Crise du Scanning au Port de Douala-Bonabéri :
Le PAD sort du silence et recadre le GECAM

Dans un communiqué de presse incisif publié le 13 février 2026, la Direction Générale du Port Autonome de Douala (PAD) a tenu à apporter des clarifications majeures suite aux récentes préoccupations du patronat camerounais (GECAM). Entre rappel des missions régaliennes et dénonciation d’un « blocage douanier », l’Autorité Portuaire joue la carte de la fermeté. Toutefois, le PAD invite l’ensemble de la chaîne logistique à privilégier un « dialogue constructif » afin de garantir la continuité des opérations, dans l’intérêt supérieur du commerce extérieur et des économies de la sous-région…
Le point de départ de cette mise au point est le communiqué du Groupement des Entreprises du Cameroun (GECAM) daté du 12 février 2026.

Un étonnement face à la démarche du GECAM
Le PAD exprime ouvertement son « étonnement » face à la méthode employée par le groupement patronal.
L’Autorité Portuaire regrette que le GECAM, dont elle est pourtant membre actif, n’ait pas privilégié la voie de la concertation directe. Selon le PAD, une démarche prudente de consultation habituelle aurait permis d’éviter des interprétations erronées sur l’organisation du scanning des marchandises.
Sécurité et performance : les piliers de la réorganisation
Face aux critiques visant le dispositif de contrôle, le Port Autonome de Douala rappelle que sa mission repose sur un équilibre délicat entre les impératifs de sûreté et les exigences de compétitivité.
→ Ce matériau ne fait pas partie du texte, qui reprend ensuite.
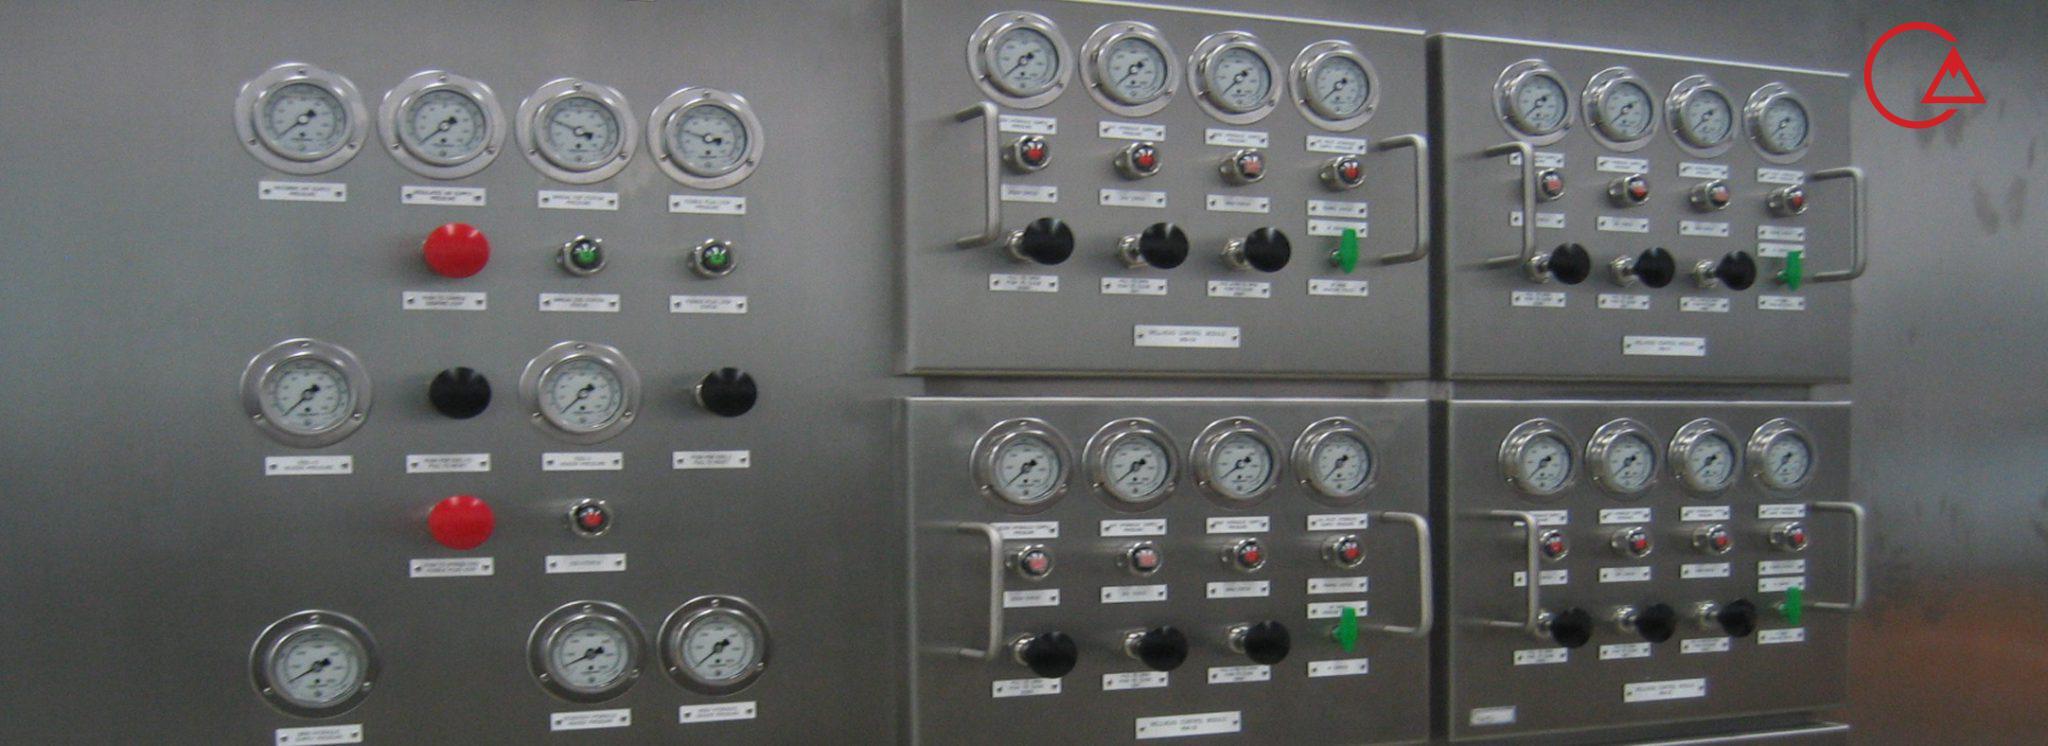 کنترل پنل سرچاهی

La réorganisation en cours du scanning des flux imports/exports, qualifiée de contrôle non-intrusif, répond ainsi à plusieurs priorités stratégiques.
D’une part, ces mesures s’inscrivent strictement dans le cadre des lois en vigueur et des directives prescrites par le Premier Ministre, Chef du Gouvernement. D’autre part, elles visent à garantir la sécurité des navires, des personnes et des installations portuaires tout en préservant l’attractivité économique de la place de Douala-Bonabéri. L’objectif final demeure le maintien de tarifs compétitifs, essentiels pour soutenir la croissance des économies nationale et sous-régionale.

La question sensible des tarifs
Le communiqué du Chef de Division de la Communication et des Relations Publiques du PAD, apporte un éclairage crucial sur la tarification des services portuaires. Le PAD souligne que tout tarif appliqué est soumis à un processus rigoureux d’homologation par l’Autorité Portuaire Nationale (APN), après un long processus de consultation par les membres de la Communauté Portuaire eux-mêmes.
Le PAD précise que les tarifs actuels sont en vigueur depuis janvier 2019 et s’appliquent tant aux services du PAD qu’aux opérateurs privés autorisés à exercer sur le combinat portuaire.

Le « risque systémique » : L’Administration des Douanes pointée du doigt
C’est sans doute le point le plus saillant du communiqué : le PAD déplace la responsabilité des tensions actuelles vers l’Administration des Douanes. L’Autorité Portuaire affirme sans détour que la décision unilatérale des Douanes de ne plus procéder à la liquidation des déclarations constitue le véritable « risque systémique » pour l’activité économique, et non le principe du scanning intégral des marchandises.
Un appel au dialogue pour la continuité des opérations
Malgré les tensions, le Port de Douala-Bonabéri se veut rassurant et rappelle l’existence d’instances de dialogue comme le Comité Consultatif d’Orientation de l’activité portuaire (CCO’PAD). En somme , le PAD invite l’ensemble de la chaîne logistique à privilégier un « dialogue constructif » afin de garantir la continuité des opérations, dans l’intérêt supérieur du commerce extérieur et des économies de la sous-région.